Obviously one very common use of VM snaps is to provide just-in-case reverting during a patch window, like
  1. take a snap
  2. try to patch item A
  3. if it goes badly, restore to "1" and try to do A again or differently
  4. take another snap
  5. try to patch item B
  6. again, if it blows up, restore to "4"
  7. take another snap
  8. try to patch C
  9. if it blows up, restore to "7"
  10. success, patching all items is done! so now delete all the snaps
So PVE's new capability will support this workflow. But sometimes the snapshots are not all in one linear flow; sometimes I'm trying to troubleshoot some very complex set of interactions, and I want to be able to take snapshots 1, 2, 3, 4, and then temporarily roll back to "1" to try something else while keeping the 2,3,4 ones around, then forget that little distraction and again roll back (roll forward? restore?) to "4" and keep going. Or roll back to "2" and then start another branch from there, making 5, 6, 7 that are descended from "2" while 3,4 continue to be descended from "2". This sort of branched workflow is definitely supported in the VMWare world, but I've never really tried to do it in the PVE world, so I wonder if it's not supported at all? Or currently only supported on the file-based storages (like QCOW2-stored images on NFS)? Or supported in shared Ceph (either Ceph RBD or CephFS)?

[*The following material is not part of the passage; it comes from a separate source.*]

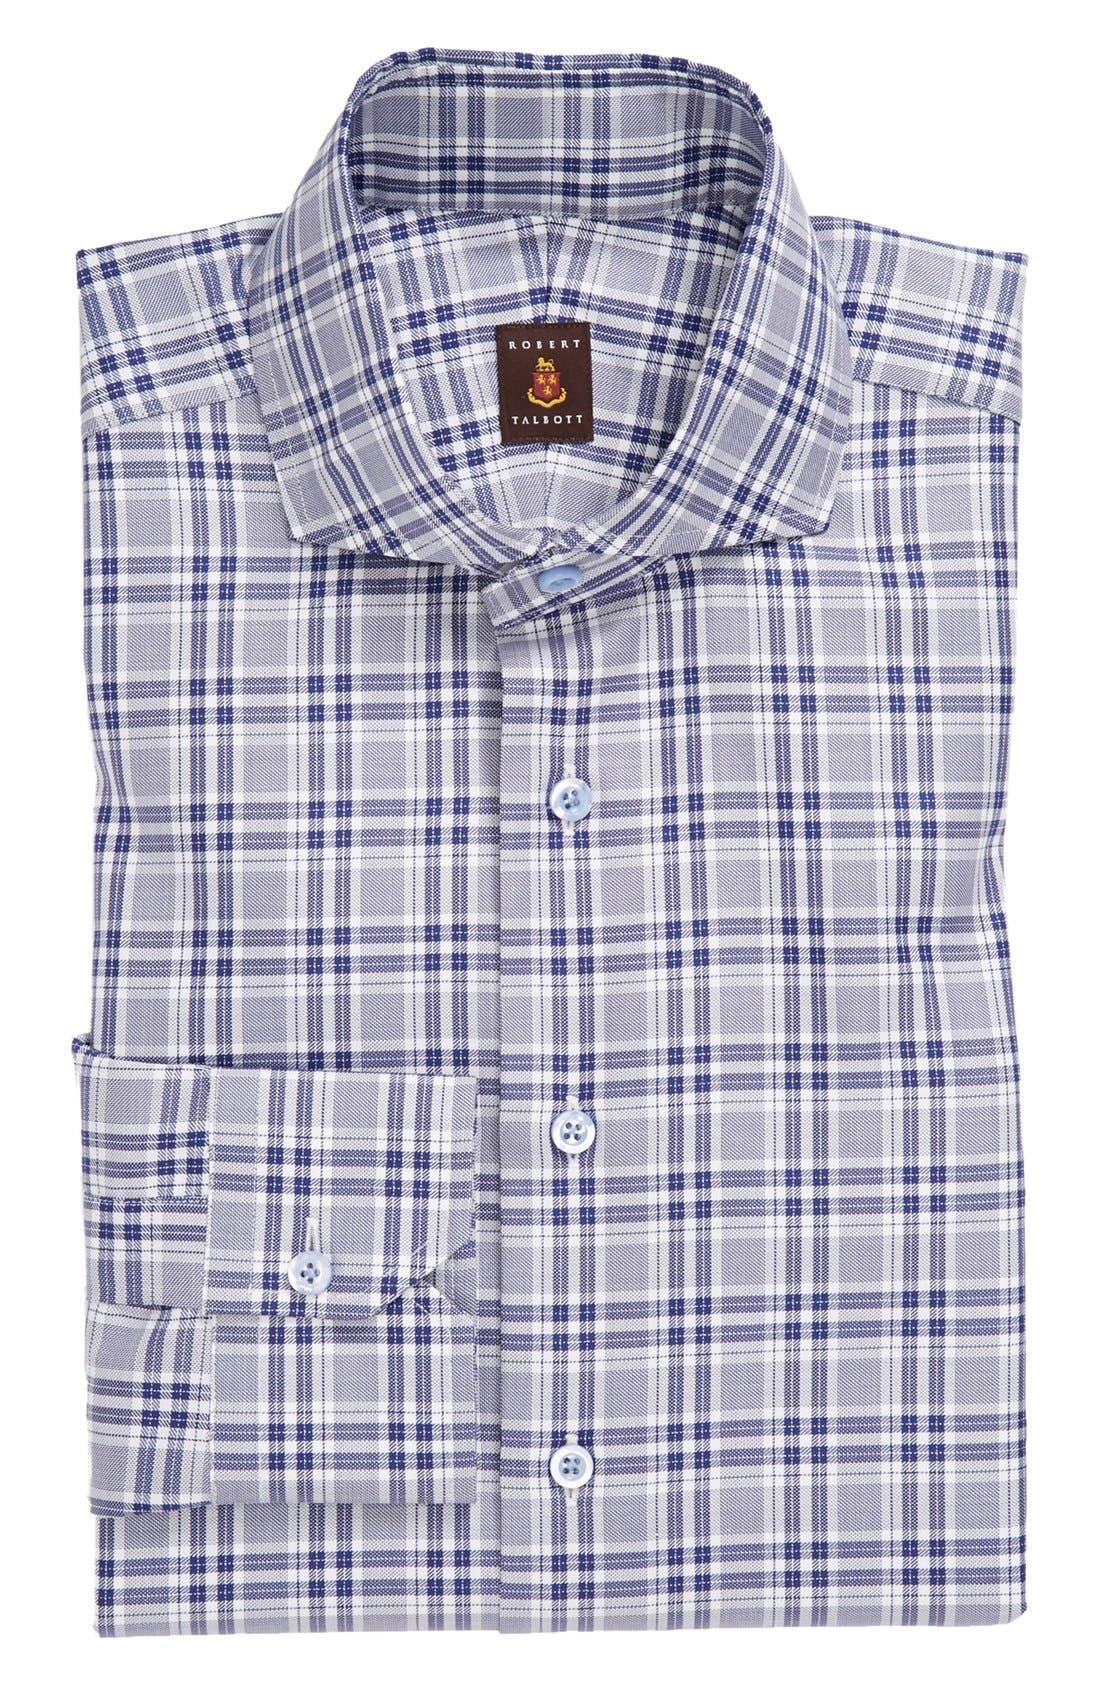 Alternate Image 1 Selected - Robert Talbott Classic Fit Dress Shirt

Thanks very much for your time. I know end users are never satisfied, so no matter what new brilliant things you create, there will be someone complaining about it. Just know that I think y'all are amazing, you've made an incredible product, and I am trying over years to convince my colleagues we should move off VMWare, and I'm still trying.
 
theoretically snapshot "trees" would be possible, but the handling becomes much more complex, in particular the failure scenarios in case an operation cannot be fully completed are messy - that's why we kept it simple for now. this might be revisited at a later point, but no promises.
 
theoretically snapshot "trees" would be possible, but the handling becomes much more complex, in particular the failure scenarios in case an operation cannot be fully completed are messy - that's why we kept it simple for now. this might be revisited at a later point, but no promises.
Understood, thank you, Fabian. Pardon my ignorance, but do snapshot trees currently not work in thick LVM, but already work for other storage models, like Ceph RBD, CephFS, or directories over NFS? Or is this a general constraint in Proxmox more broadly, chains-but-not-branched-trees, and you're considering whether to tackle it in the snapshotting logic overall? Also I suppose the answer could be different for LXC containers versus KVM VMs, but I'm only concerned about full VMs here.
 
it depends on the storage plugin - thick LVM without qcow2 has no snapshot support at all in PVE. ZFS has the same limitation with rollbacks only working for the most recent snapshot. LVM thin, "internal" qcow2 on directory-based storages and IIRC Ceph all don't have that restriction.